Alleles (ALL-EELS') are just variations at a particular site on a chromosome.  Since each chromosome has a similar chromosome partner (except for males with their X and Y chromosomes) each locus is duplicated.  Loci can vary a bit.  If a person has two identical versions of the locus, they are said to be homozygous (HOMO-Z-EYE'-GUS).  If there is a difference, they are said to be heterozygous (HETERO-Z-EYE'-GUS).

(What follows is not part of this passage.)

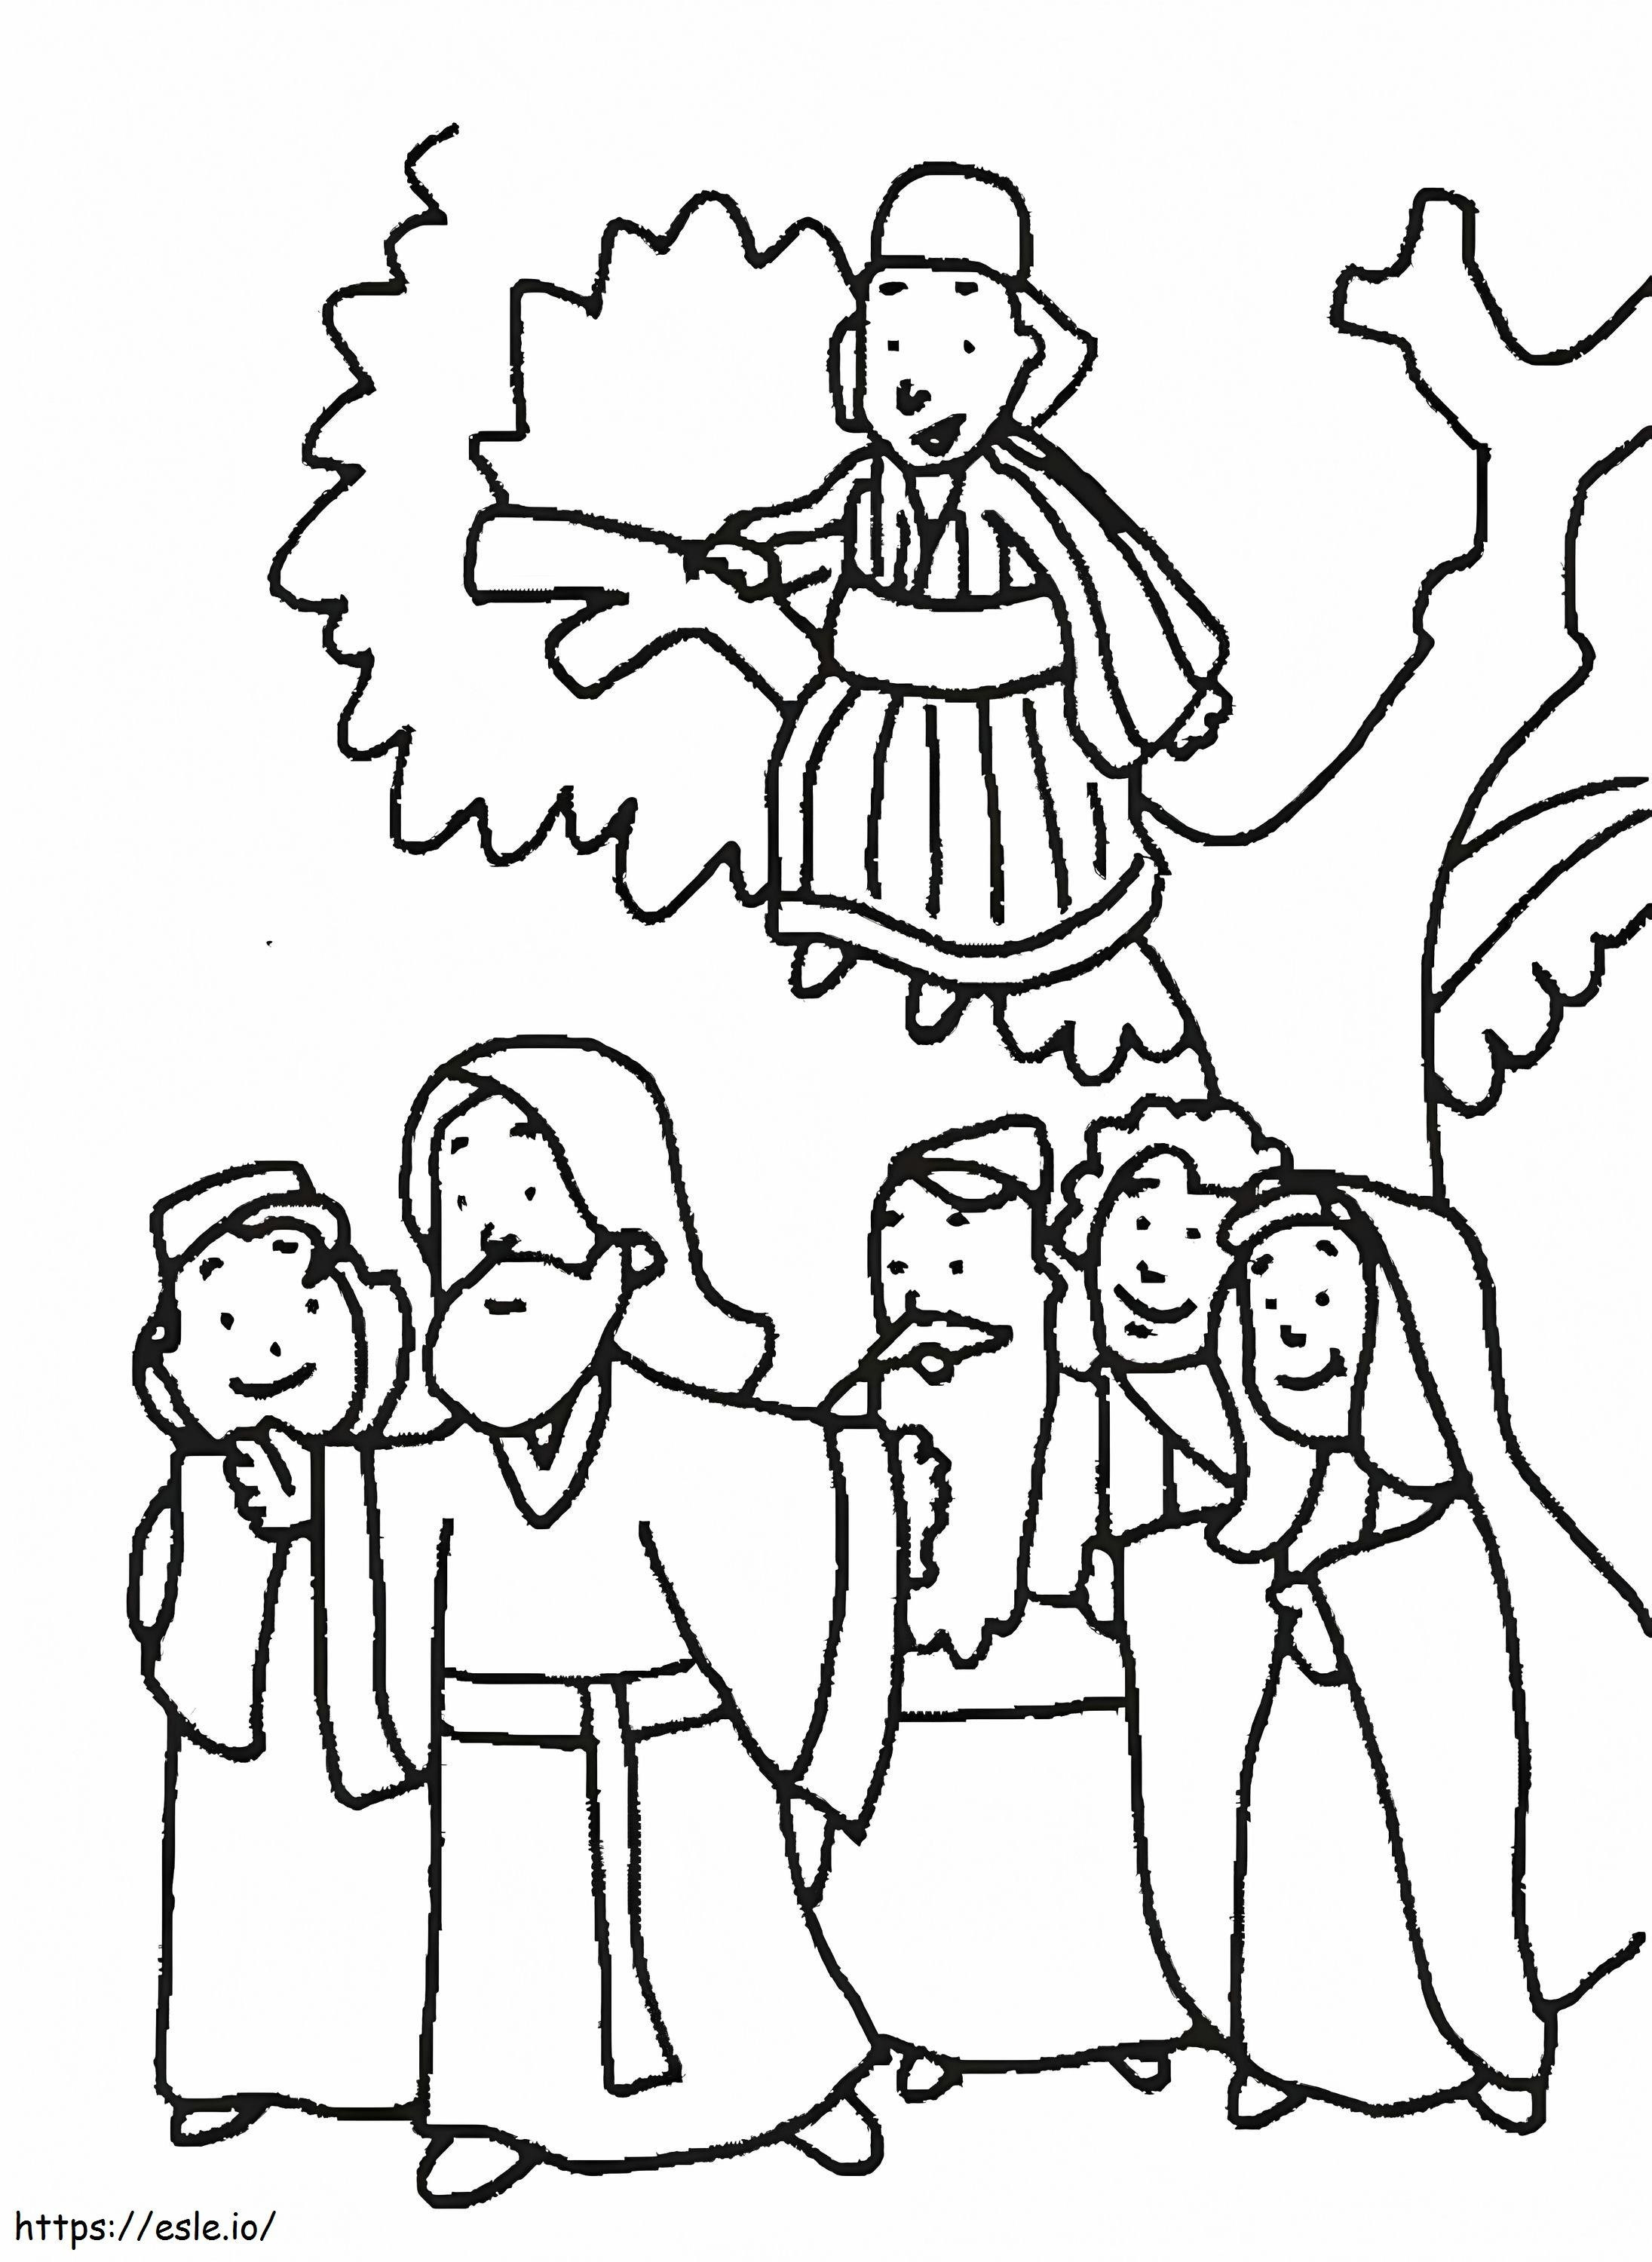 Zacchaeus 8 coloring page

There have been two main types of forensic DNA testing.  They are often called, RFLP and PCR based testing, although these terms are not very descriptive.  Generally, RFLP testing requires larger amounts of DNA and the DNA must be undegraded.  Crime-scene evidence that is old or that is present in small amounts is often unsuitable for RFLP testing.  Warm moist conditions may accelerate DNA degradation rendering it unsuitable for RFLP in a relatively short period of time. 
PCR-based testing often requires less DNA than RFLP testing and the DNA may be partially degraded, more so than is the case with RFLP.  However, PCR still has sample size and degradation limitations that sometimes may be under-appreciated.  PCR-based tests are also extremely sensitive to contaminating DNA at the crime scene and within the test laboratory.  During PCR, contaminants may be amplified up to a billion times their original concentration.  Contamination can influence PCR results, particularly in the absence of proper handling techniques and proper controls for contamination.
PCR is less direct and somewhat more prone to error than RFLP.  However, PCR has tended to replace RFLP in forensic testing primarily because PCR based tests are faster and more sensitive.   
 RFLP has been almost entirely replaced by PCR-based testing.  The following description of RFLP is included here primarily for historic reasons (more current formats see below).
 RFLP DNA testing has four  basic steps:
1.  The DNA from crime-scene evidence or from a reference sample is cut with something called a restriction enzyme.  The restriction enzyme recognizes a particular short sequence such as AATT  that occurs many times in a given cell's DNA.  One enzyme commonly used is called Hae III (pronounced: Hay Three) but the choice of enzyme varies.   For RFLP to work, the analyst needs thousands of cells.  If thousands of cells are present from a single individual, they will all be cut in same place along their DNA by the enzyme because each cells DNA is identical to every other cell of that person.
2.  The cut DNA pieces are now sorted  according to size by a device called a gel.  The DNA is placed at one end of a slab of gelatin and it is drawn through the gel by an electric current.  The gel acts like a sieve allowing small DNA fragments to move more rapidly than larger ones.  
3.  After the gel has separated the DNA pieces according to size, a blot or replica of the gel is made to trap the DNA in the positions that they end up in, with small DNA fragments near one end of the blot and large ones near the other end.  The blot is now treated with a piece of DNA called a probe.  The probe is simply a piece of DNA that binds to the DNA on the blot in the position were a similar sequence (the target sequence) is located. 
4.  The size or sizes of the target DNA fragments recognized by the probe are measured.  Using the same probe and enzyme,  the test lab will perform these same steps for many people.  These sizes and how they distribute among large groups of people form a database.  From the database a rough idea of how common a given DNA size measured by a given probe is found.  The commonness of a given size of DNA fragment is called a population frequency.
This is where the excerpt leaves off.